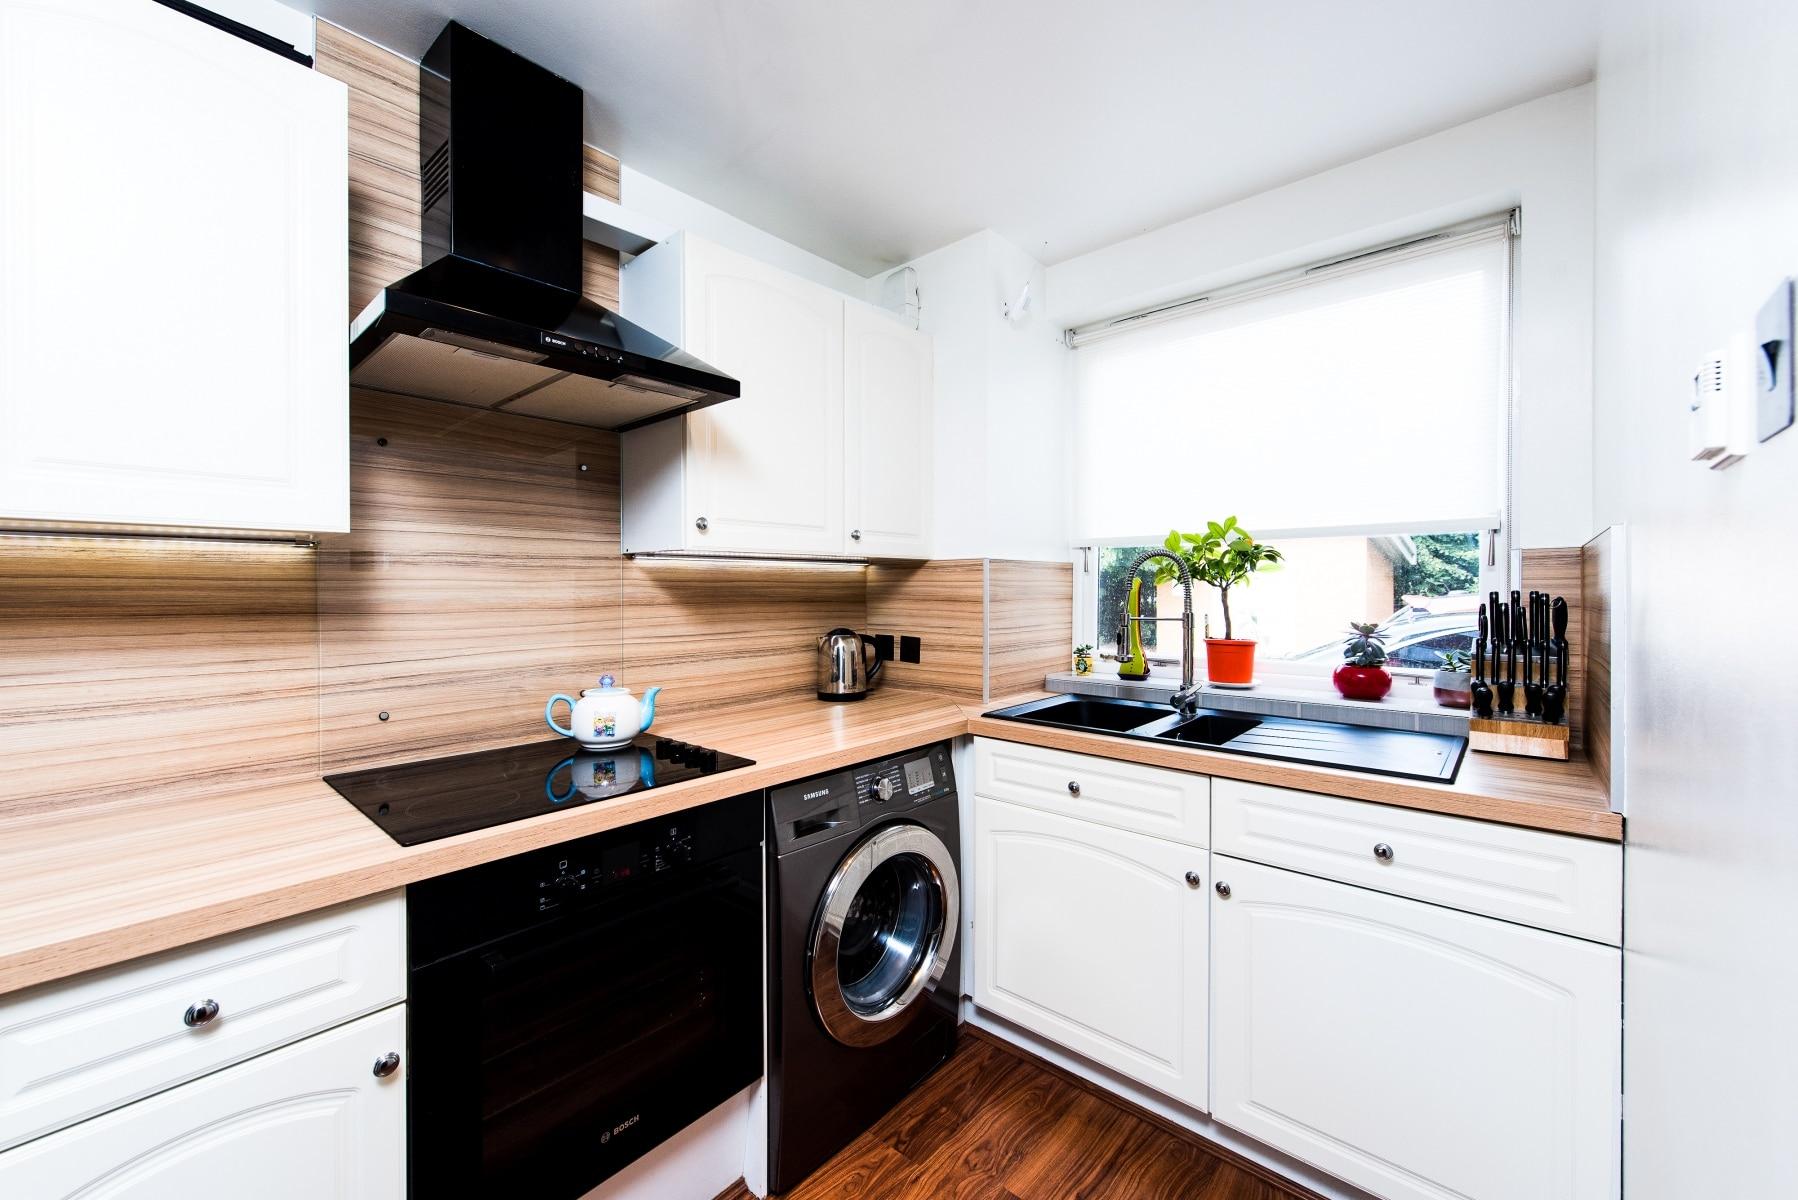 Complete kitchen renovation in Docklands
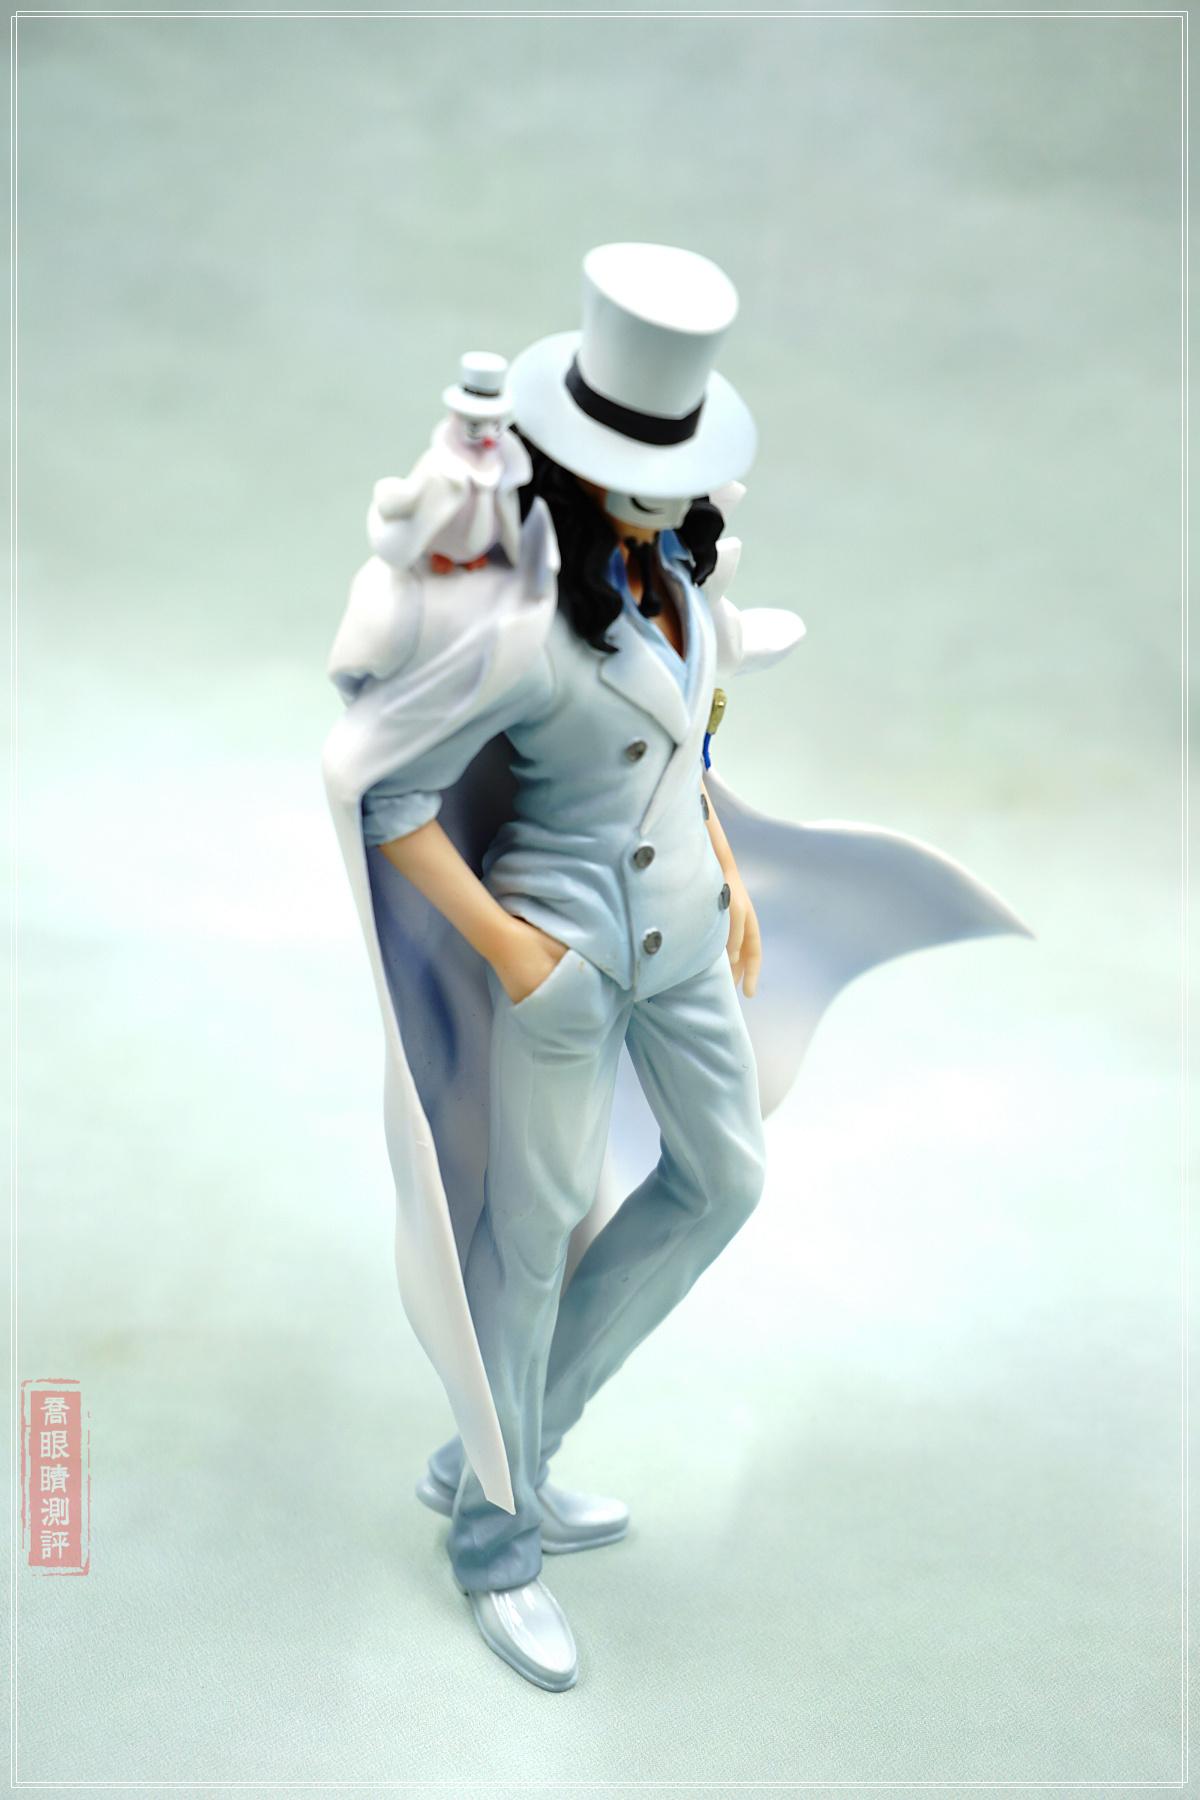 bandai rob_lucci hattori shueisha oda_eiichiro toei_animation figuarts_zero inc. fuji_television_network one_piece_film_gold
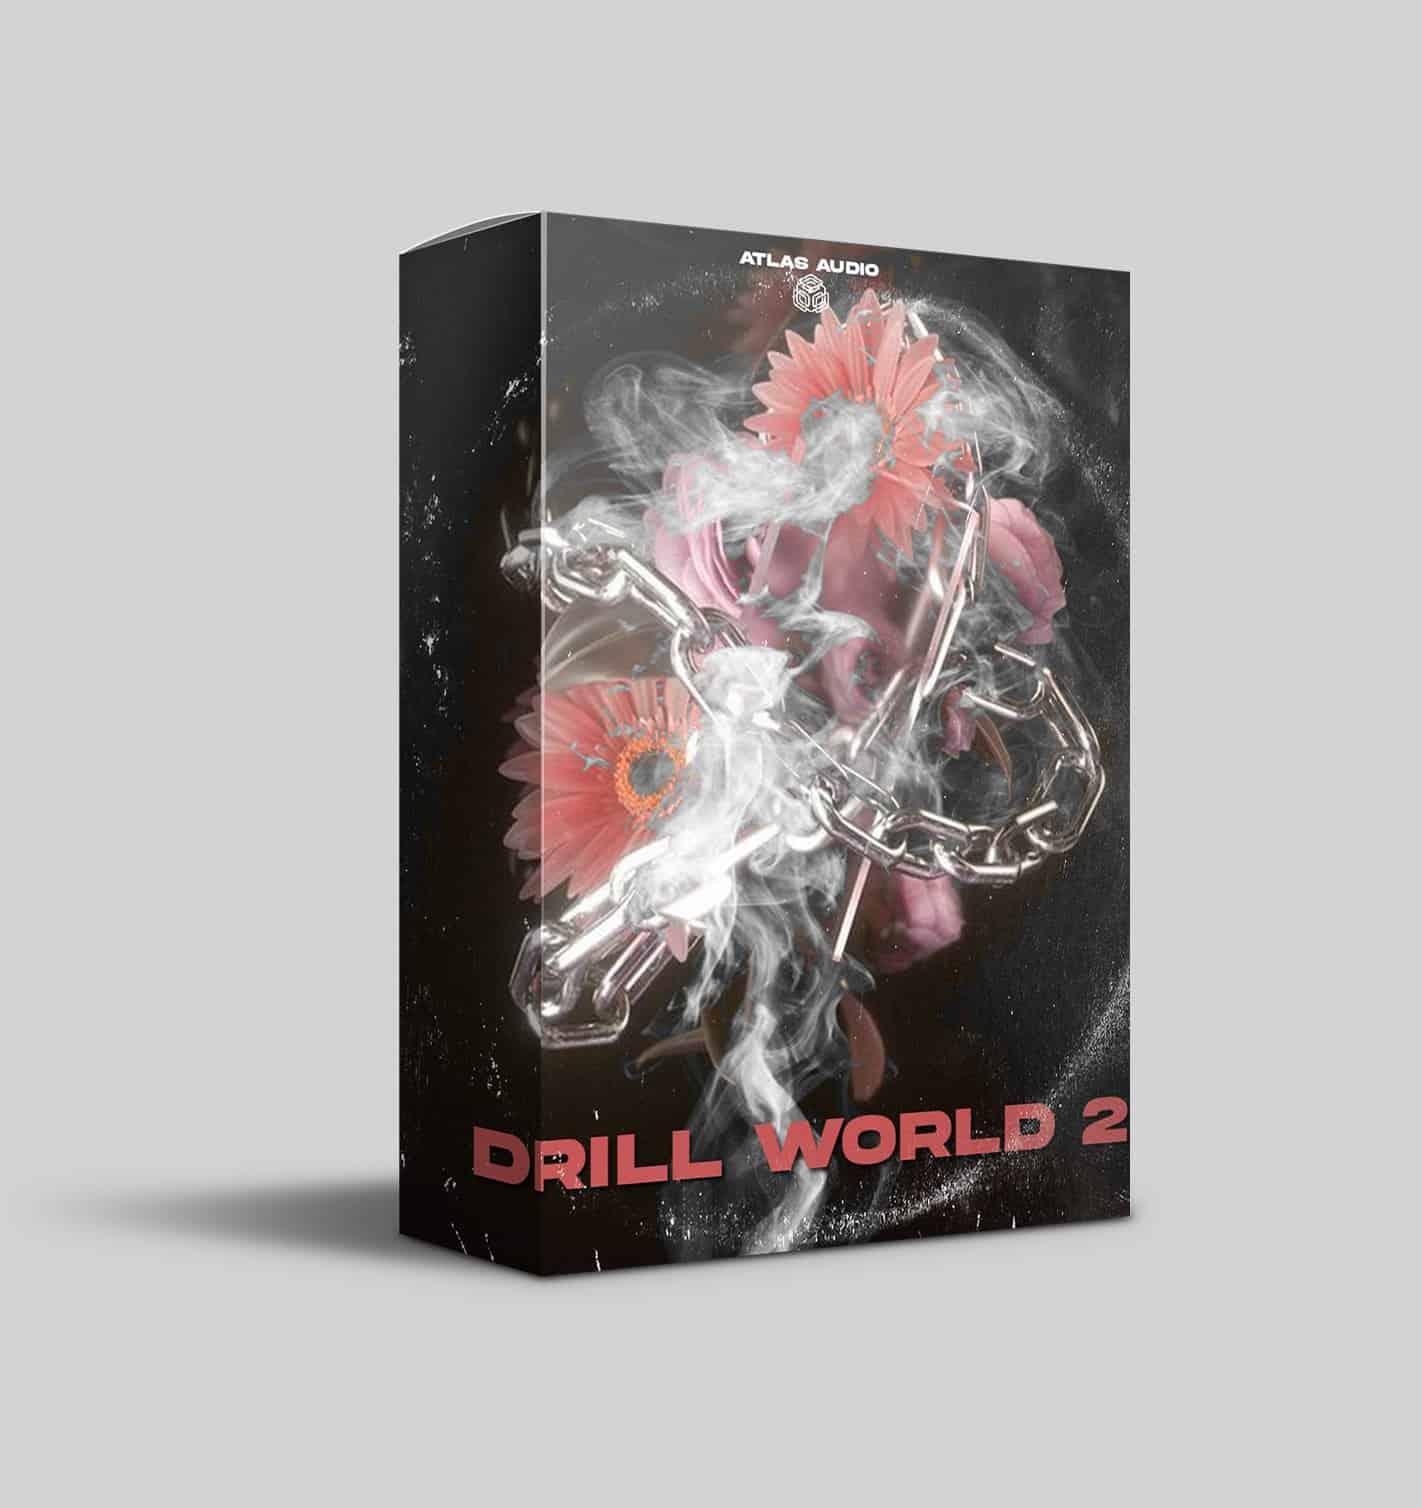 Atlas Audio Drill World 2
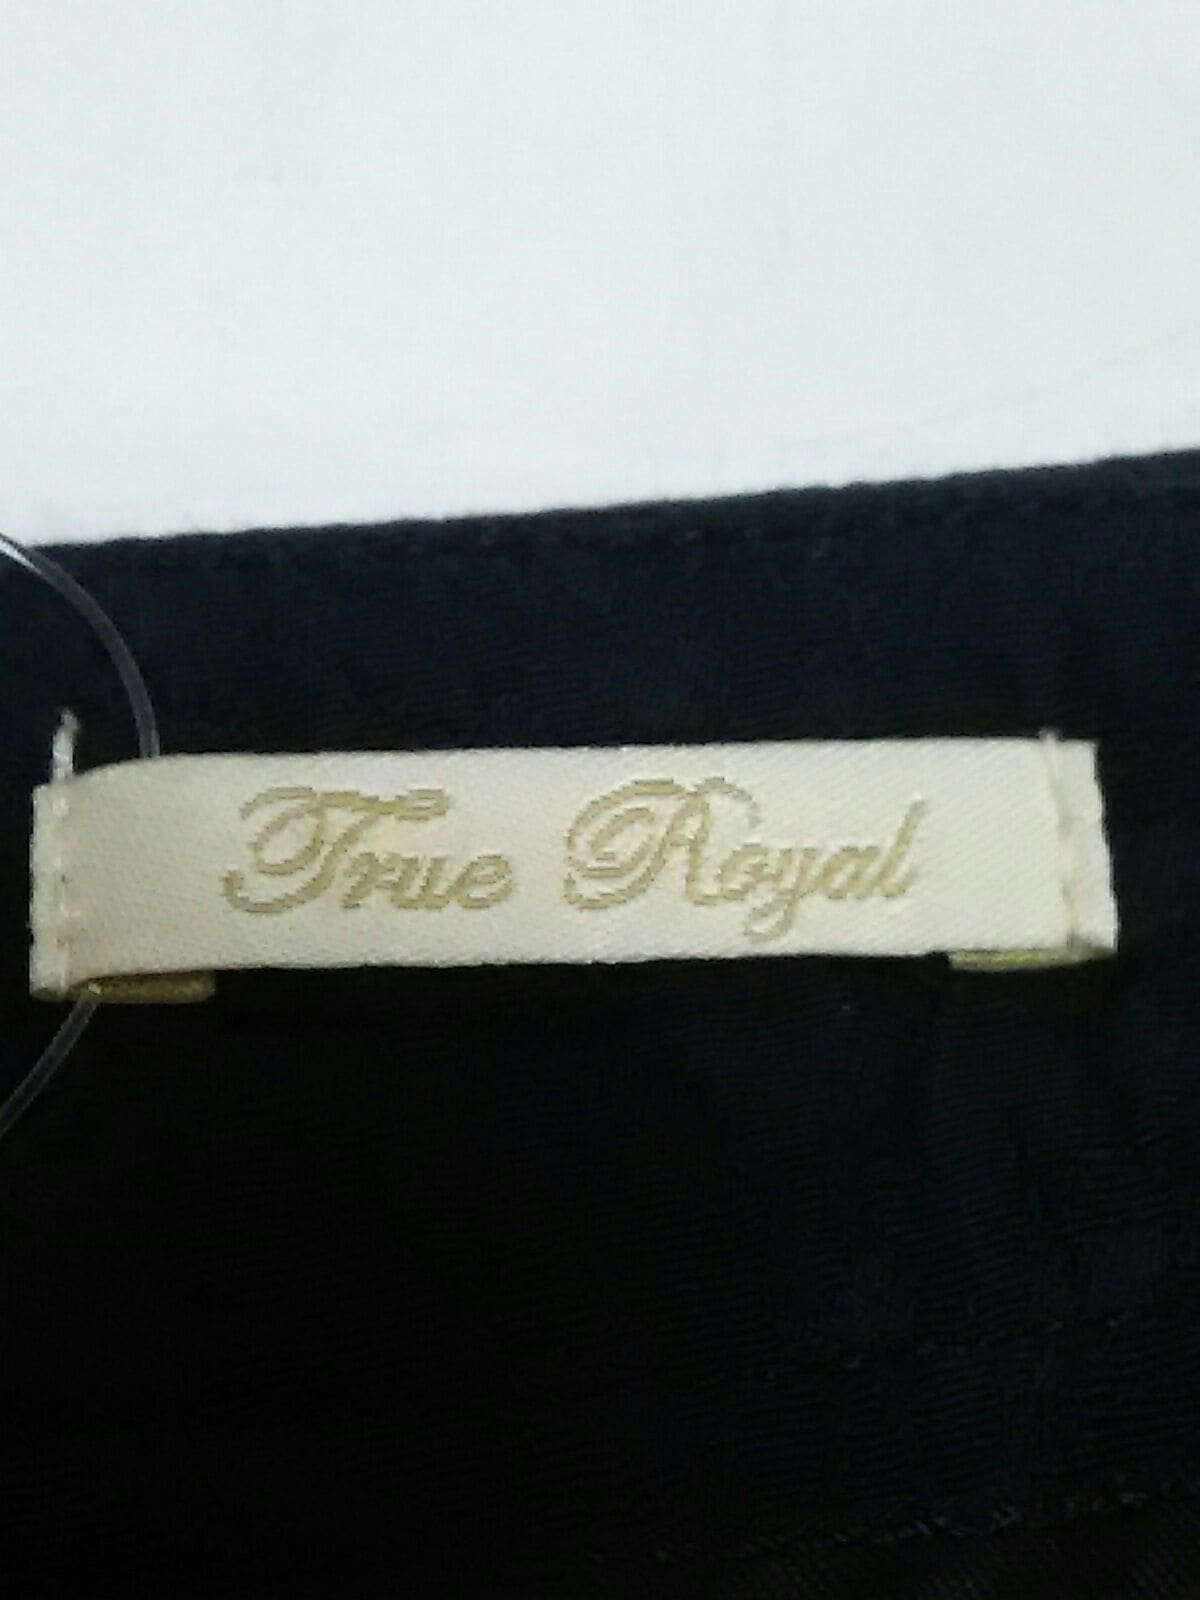 True Royal(トゥルーロイヤル)のパンツ

********

> Aim of the exercise:
Word for word, output the whole listing, but not its pictures.

> Expected output:
 Complete kitchen renovation in Docklands
 bandai rob_lucci hattori shueisha oda_eiichiro toei_animation figuarts_zero inc. fuji_television_network one_piece_film_gold
 Atlas Audio Drill World 2
 True Royal(トゥルーロイヤル)のパンツ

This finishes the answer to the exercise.